• _Exercise directions_: Transcribe nothing except the lines below that run from the one with "Réhabilitation de 95" to the one with "Wc Rollen Houder", ends included, and do not copy any picture.

• _Records supplied_:
————————

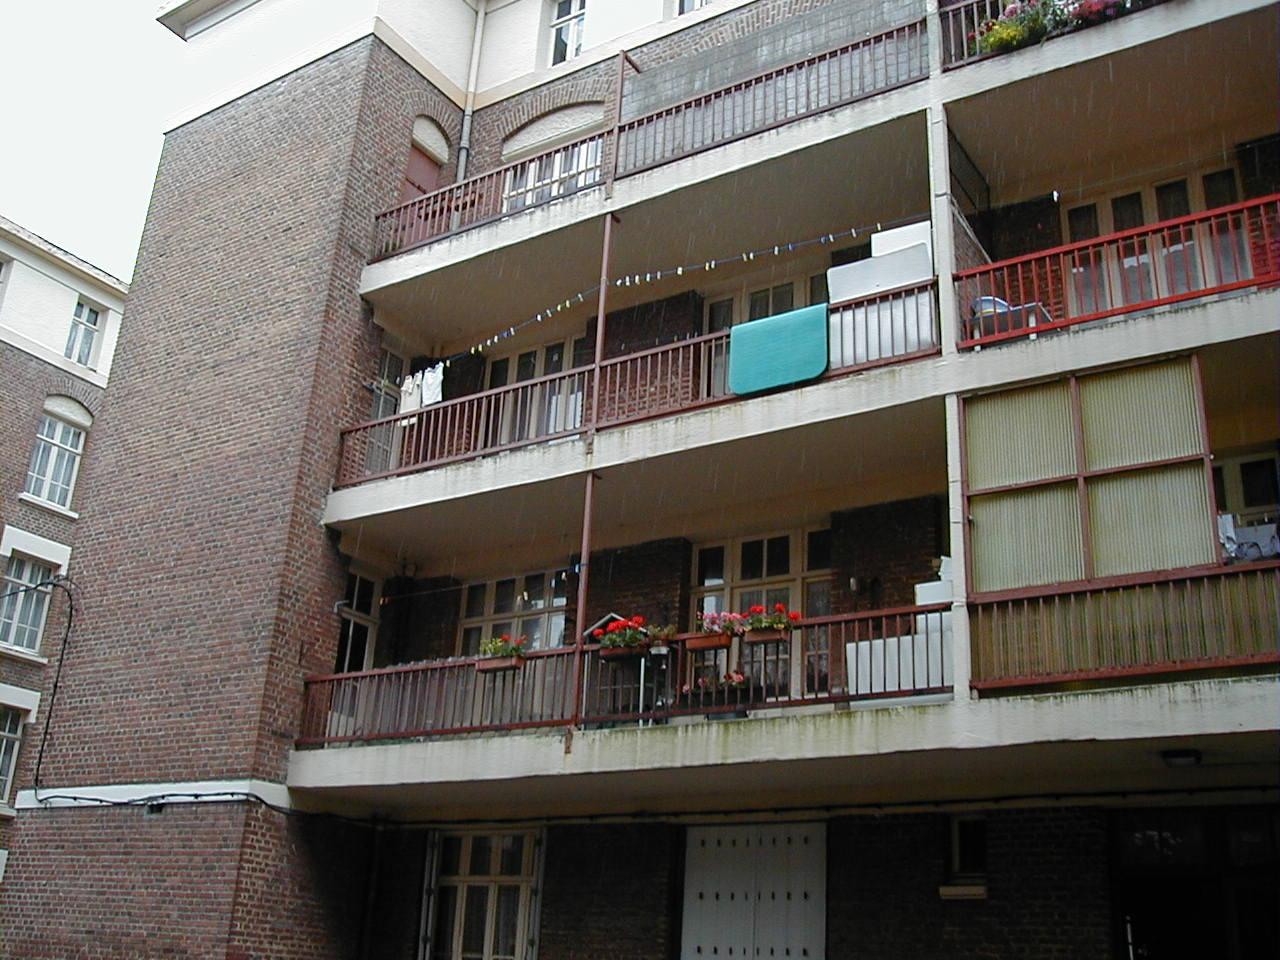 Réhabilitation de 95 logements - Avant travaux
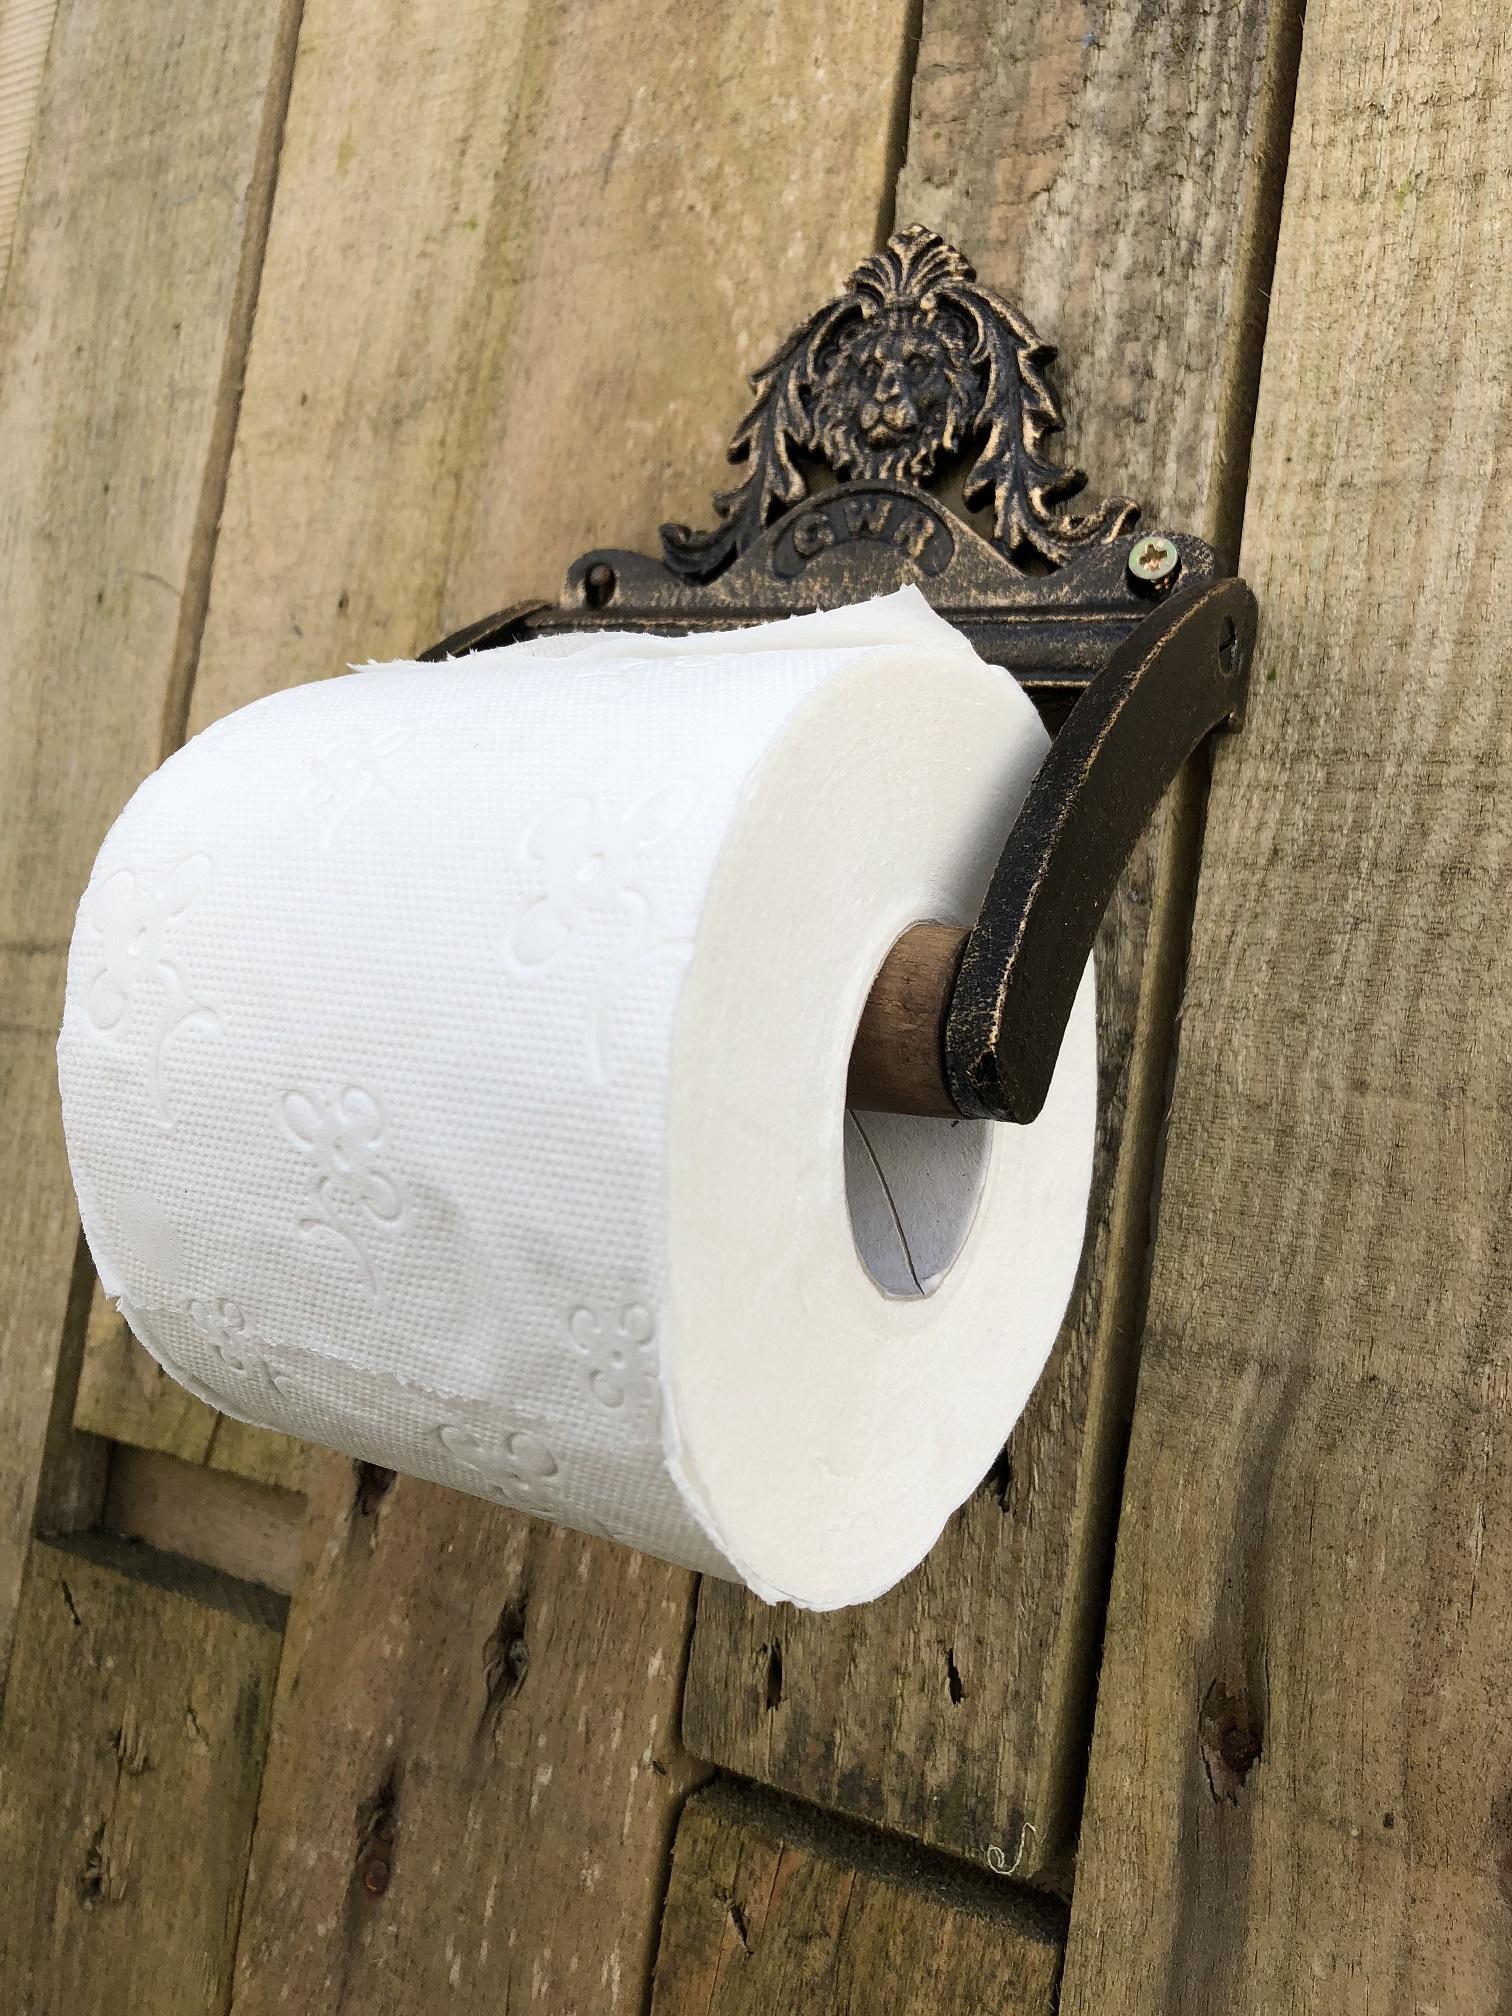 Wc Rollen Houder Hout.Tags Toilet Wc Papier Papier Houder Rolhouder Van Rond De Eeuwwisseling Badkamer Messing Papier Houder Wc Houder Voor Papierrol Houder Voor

————————

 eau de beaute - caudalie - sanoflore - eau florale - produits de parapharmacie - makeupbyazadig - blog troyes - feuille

————————

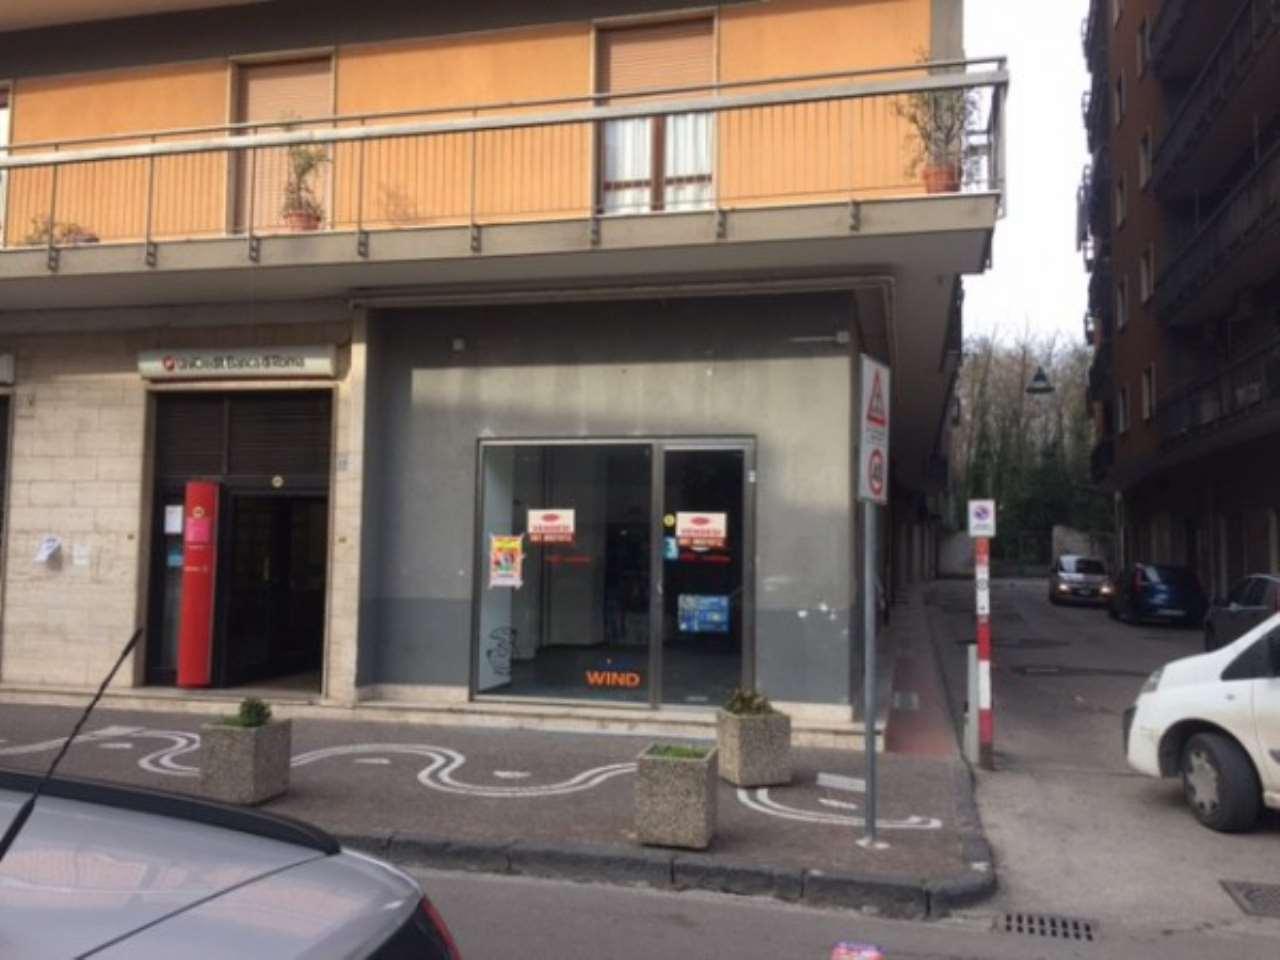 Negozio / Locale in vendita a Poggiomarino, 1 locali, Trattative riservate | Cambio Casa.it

————————

• _Task solution_:
 Réhabilitation de 95 logements - Avant travaux
 Wc Rollen Houder Hout.Tags Toilet Wc Papier Papier Houder Rolhouder Van Rond De Eeuwwisseling Badkamer Messing Papier Houder Wc Houder Voor Papierrol Houder Voor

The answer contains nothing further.